RAW DATA:
# # #

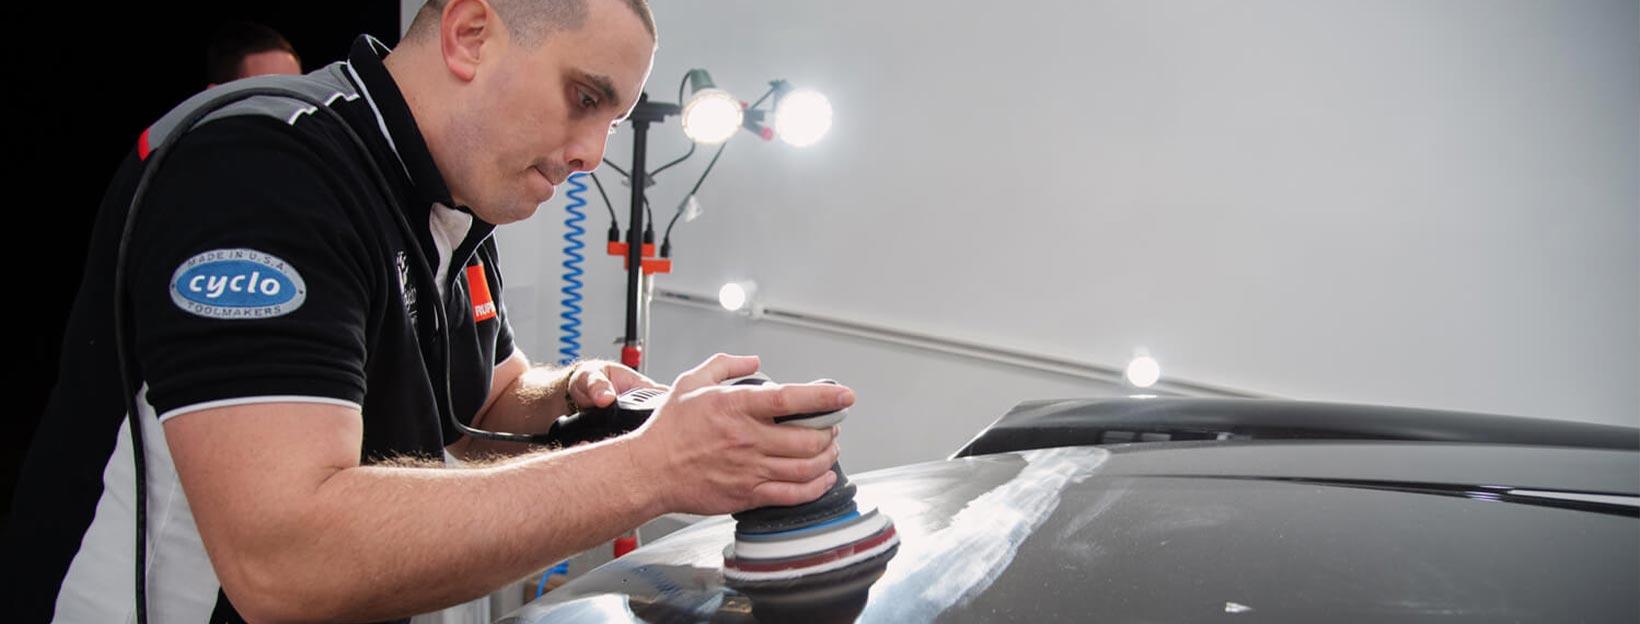 Paint correction before applying ceramic car coating
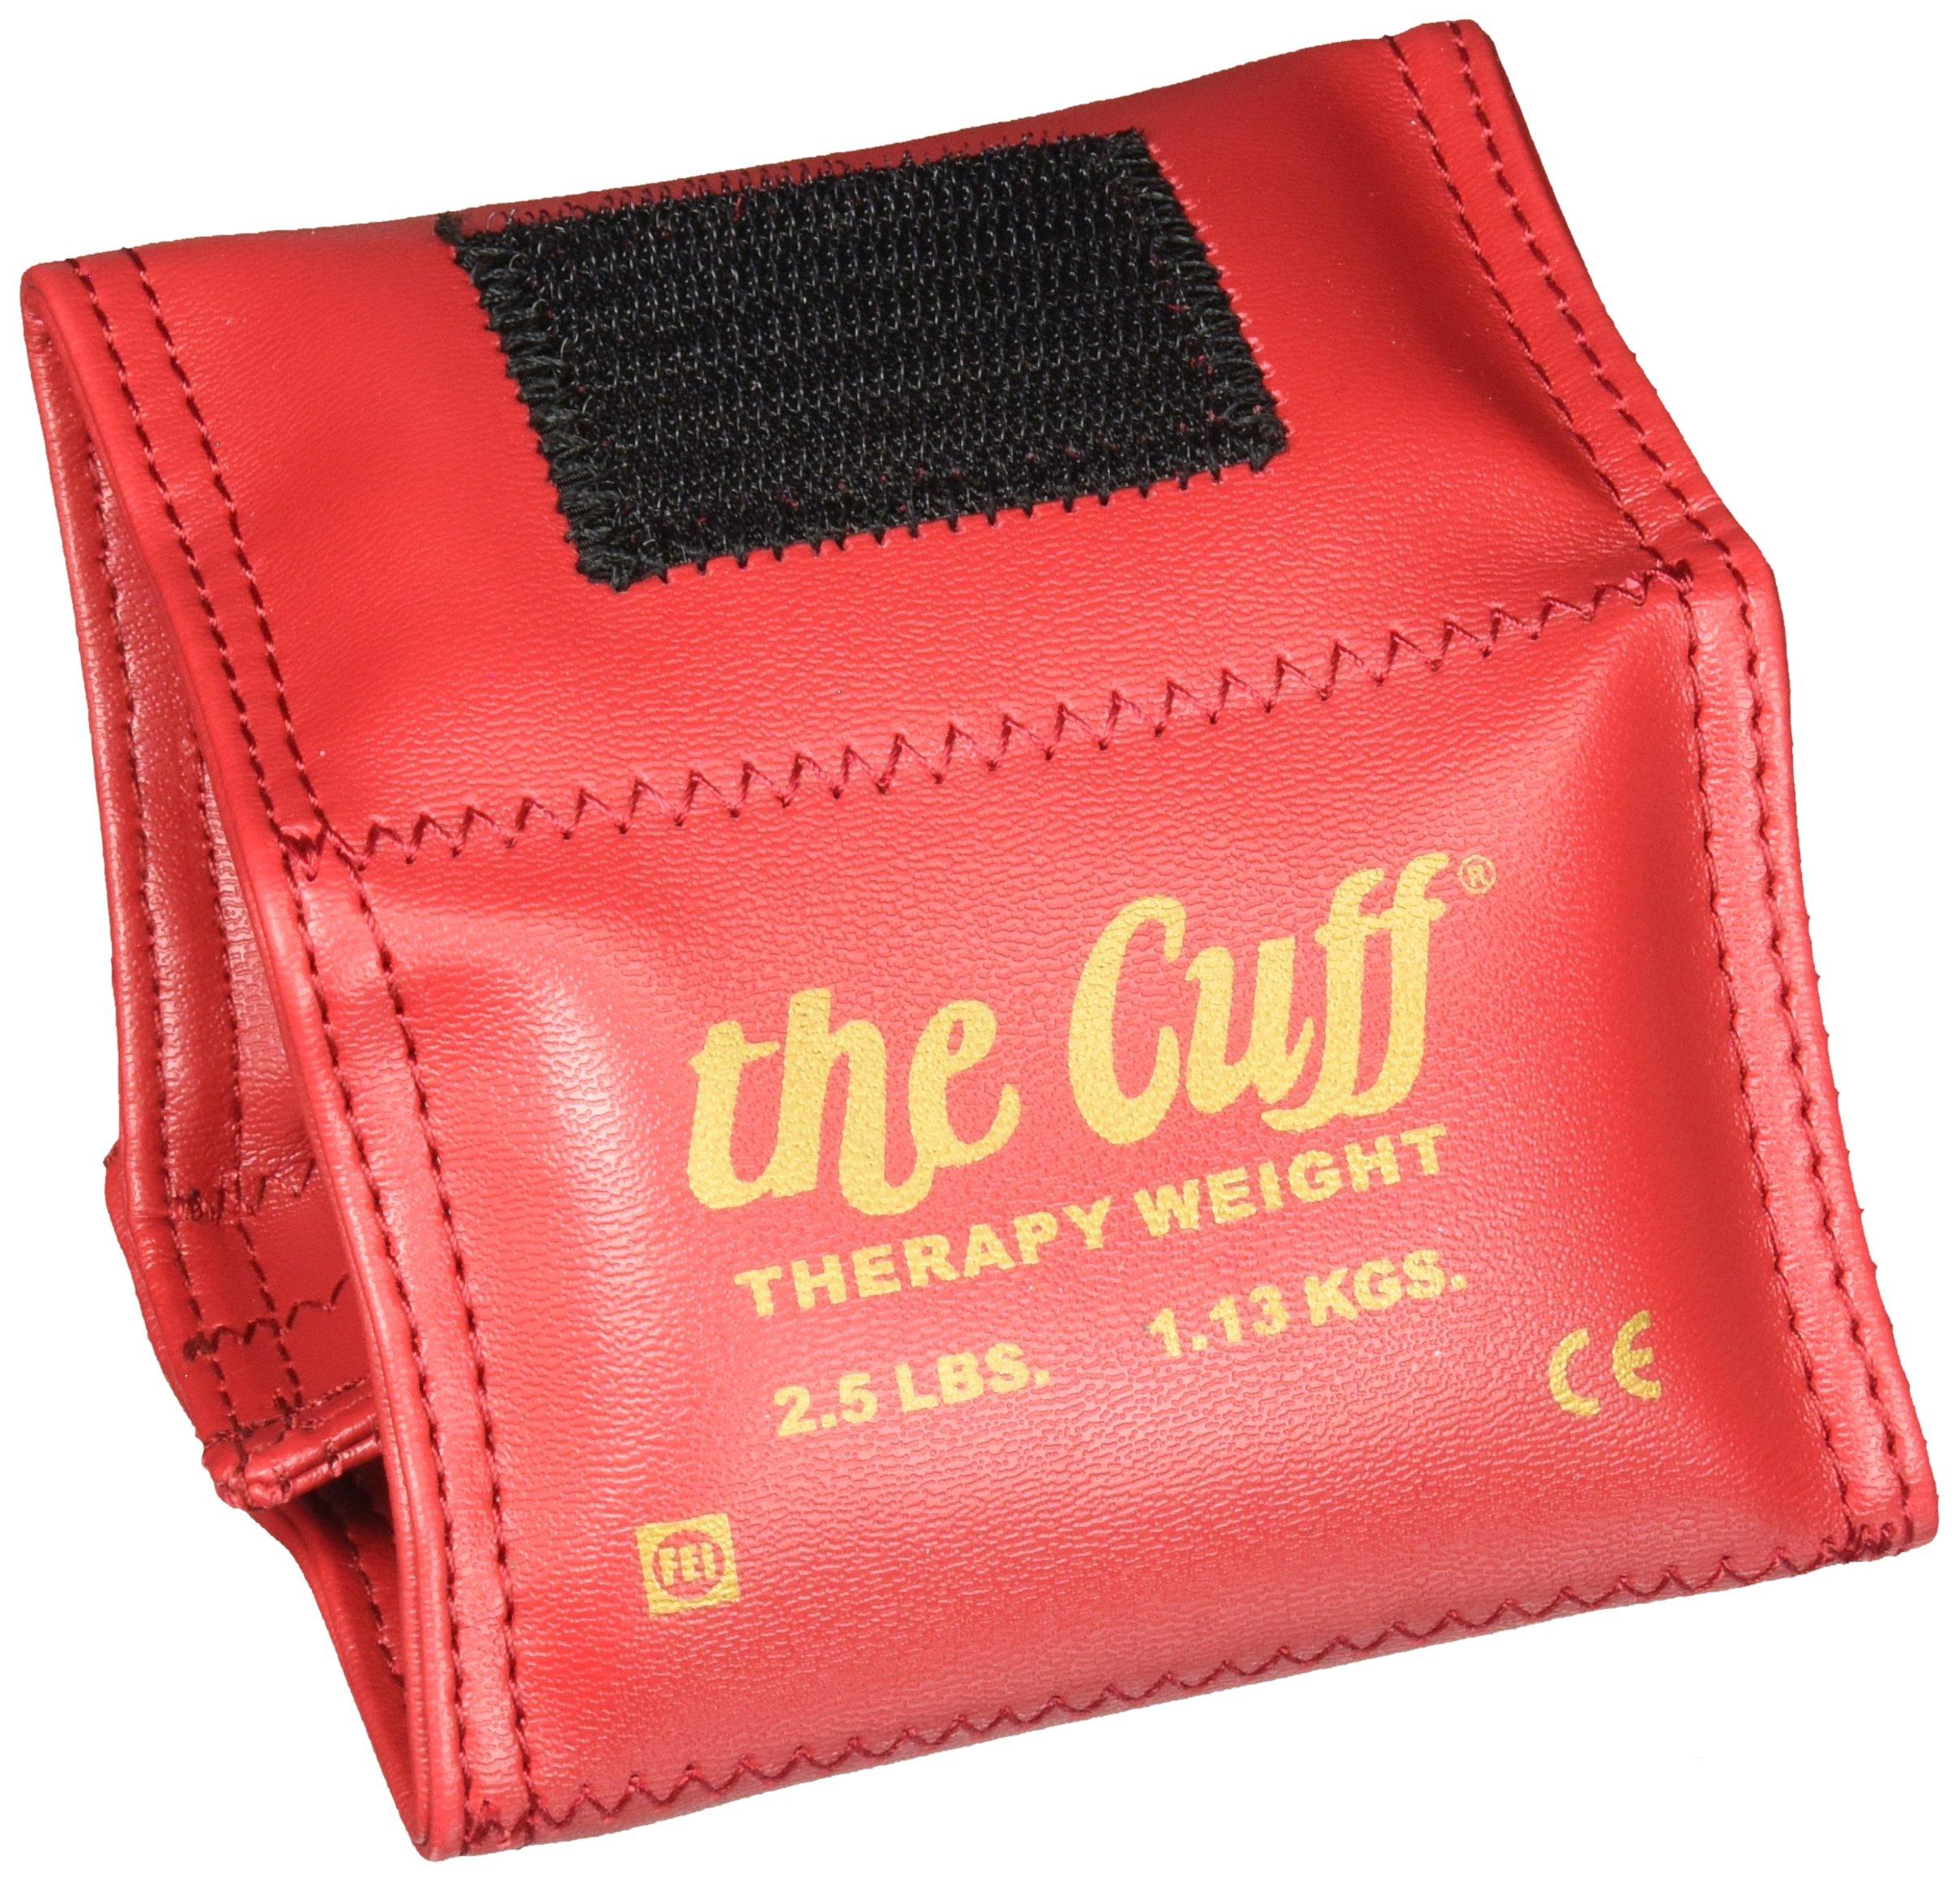 Mann Balego Cuff Weight, Red, 2.5 lbs.
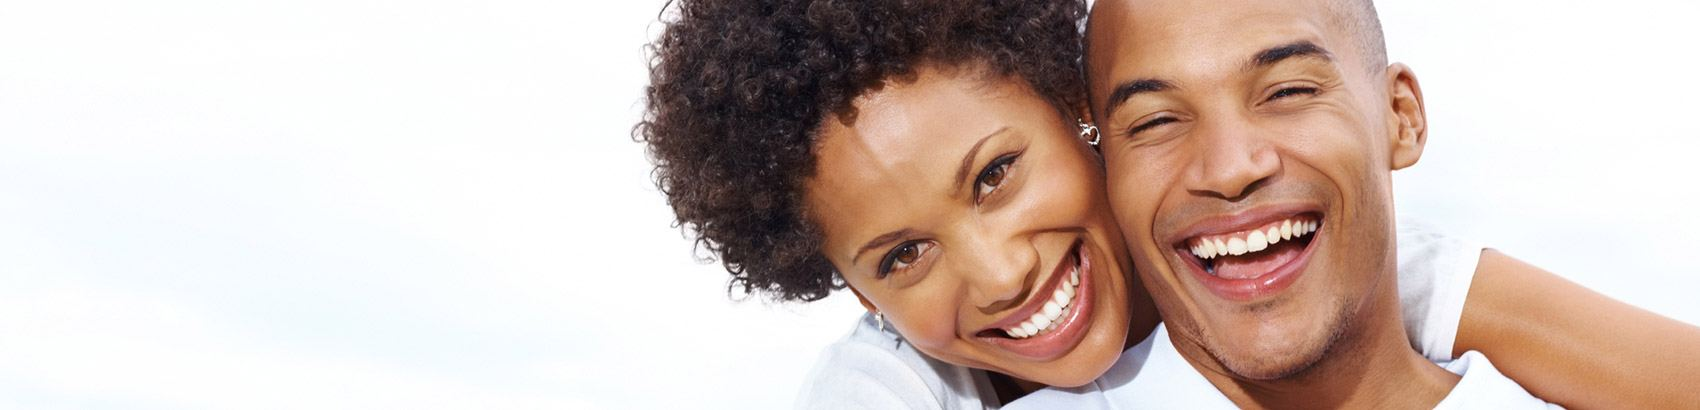 Dental Bridges - Asuncion Dental Group

# # #

WORK REQUIRED:
Copy word for word every line from the one holding "Mann Balego Cuff Weight, Red, 2.5 lbs." to the end of the listing, both ends included, but do not copy any pictures.

ANSWER TO THIS EXERCISE:
 Mann Balego Cuff Weight, Red, 2.5 lbs.
 Dental Bridges - Asuncion Dental Group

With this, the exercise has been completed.